> _Task details_: Keep the images out while you set down the data exactly.

> _Data_:
== Segment start ==
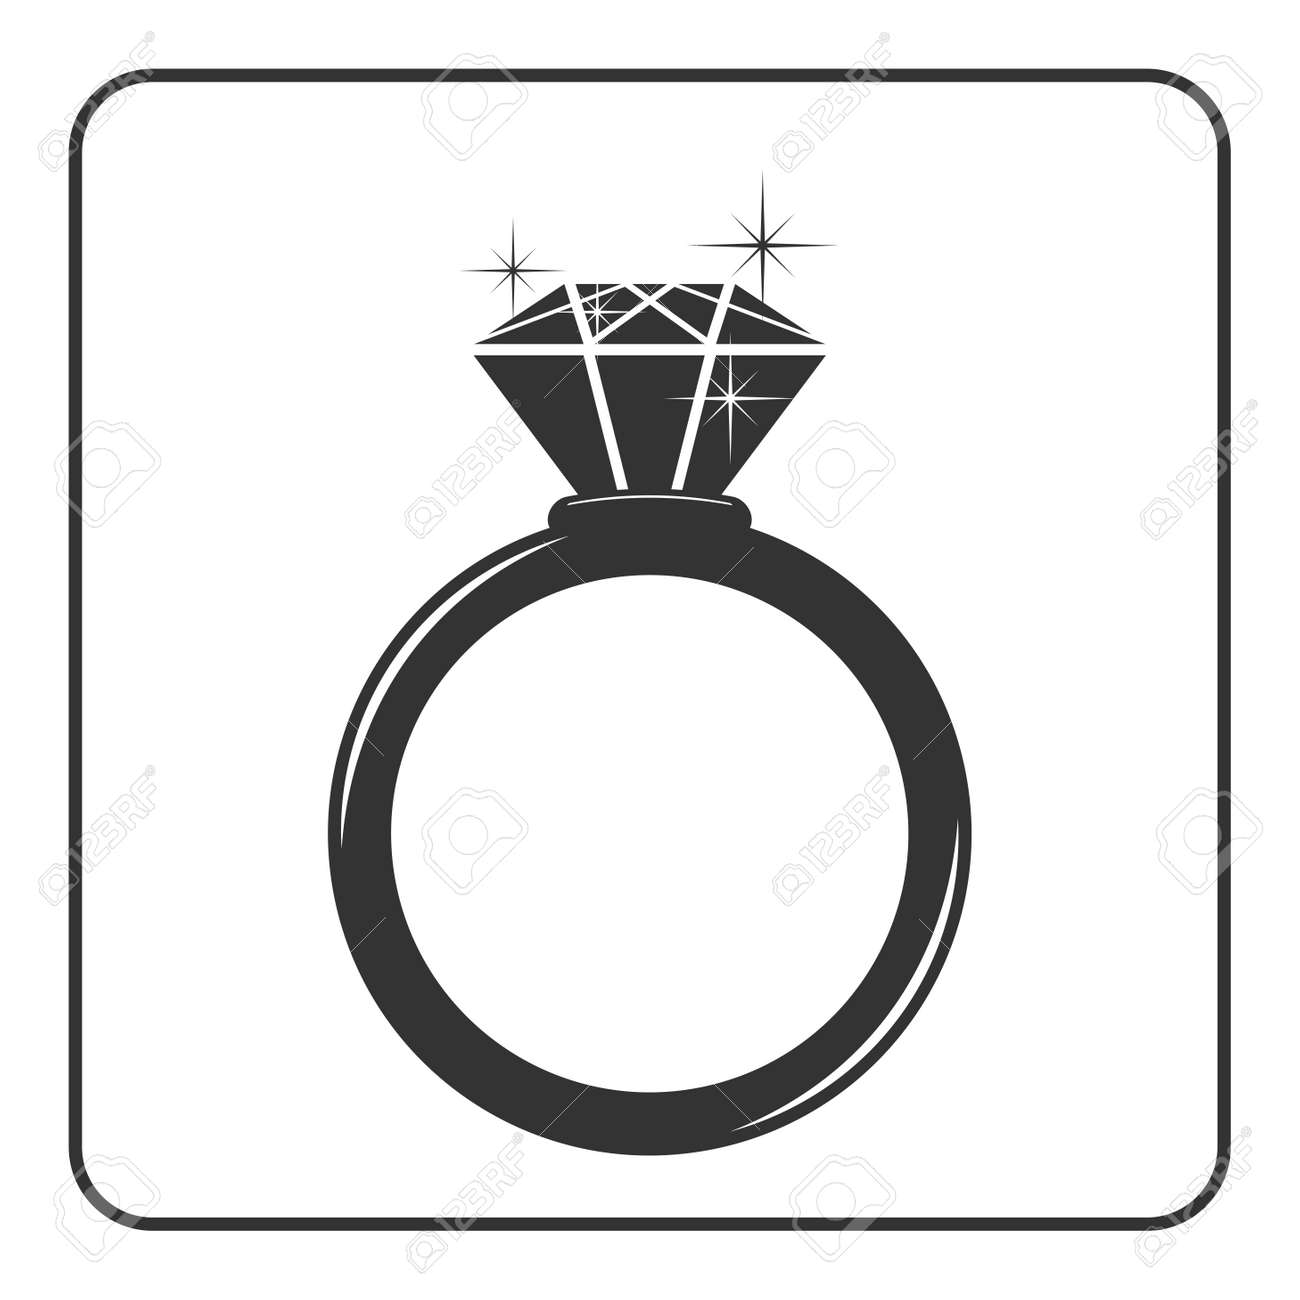 Diamond engagement ring icon. Shiny sparkle crystal sign. Black circle silhouette isolated on white background Flat fashion design element. Symbol engagement, gift, jewel expensive Vector Illustration - 56914676
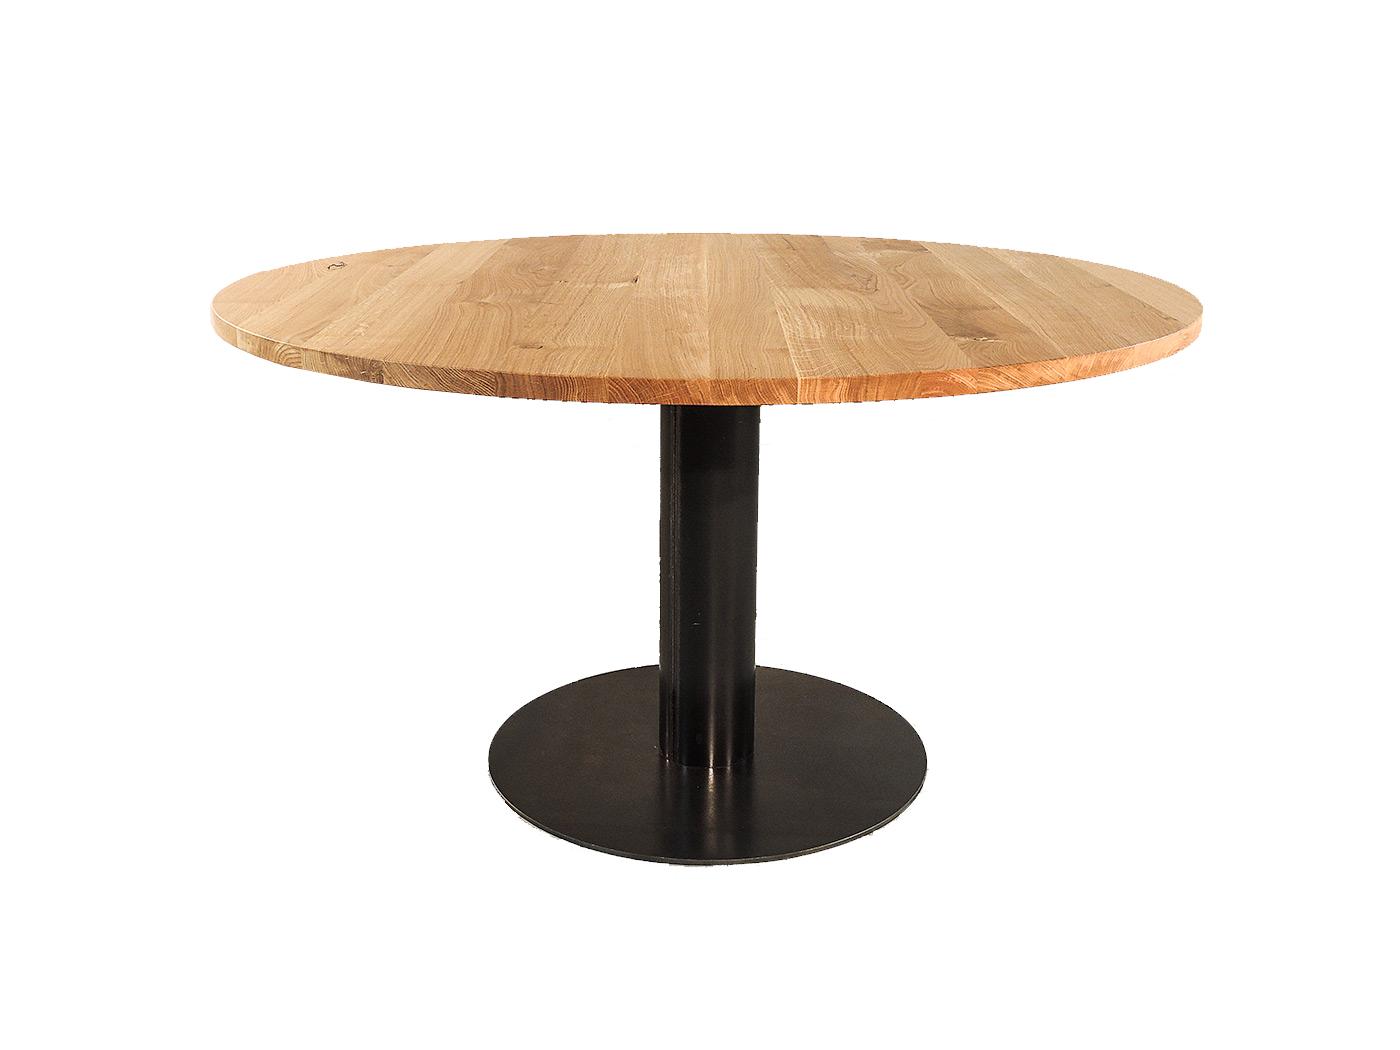 Ronde Tafel Industrieel : Maine elegante ronde eettafel
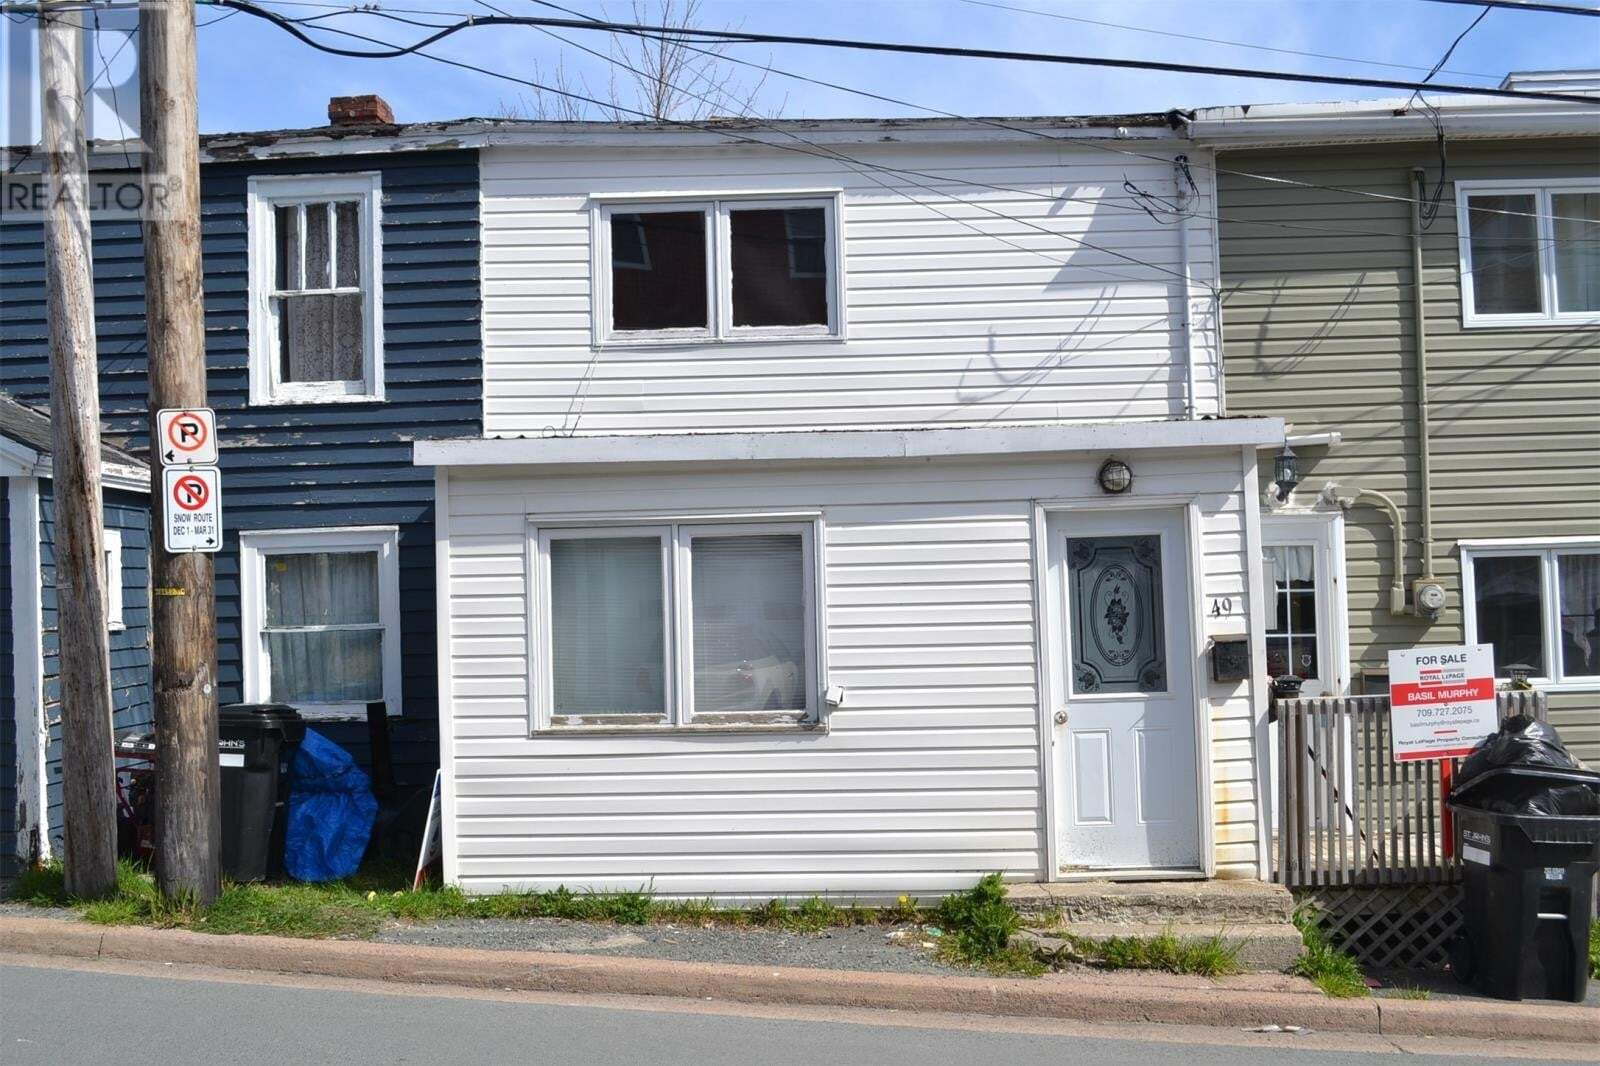 House for sale at 49 Quidi Vidi Village Rd St. John's Newfoundland - MLS: 1214144
== Segment end ==
> _Solution for this task_:
 Diamond engagement ring icon. Shiny sparkle crystal sign. Black circle silhouette isolated on white background Flat fashion design element. Symbol engagement, gift, jewel expensive Vector Illustration - 56914676
 Ronde Tafel Industrieel : Maine elegante ronde eettafel
 House for sale at 49 Quidi Vidi Village Rd St. John's Newfoundland - MLS: 1214144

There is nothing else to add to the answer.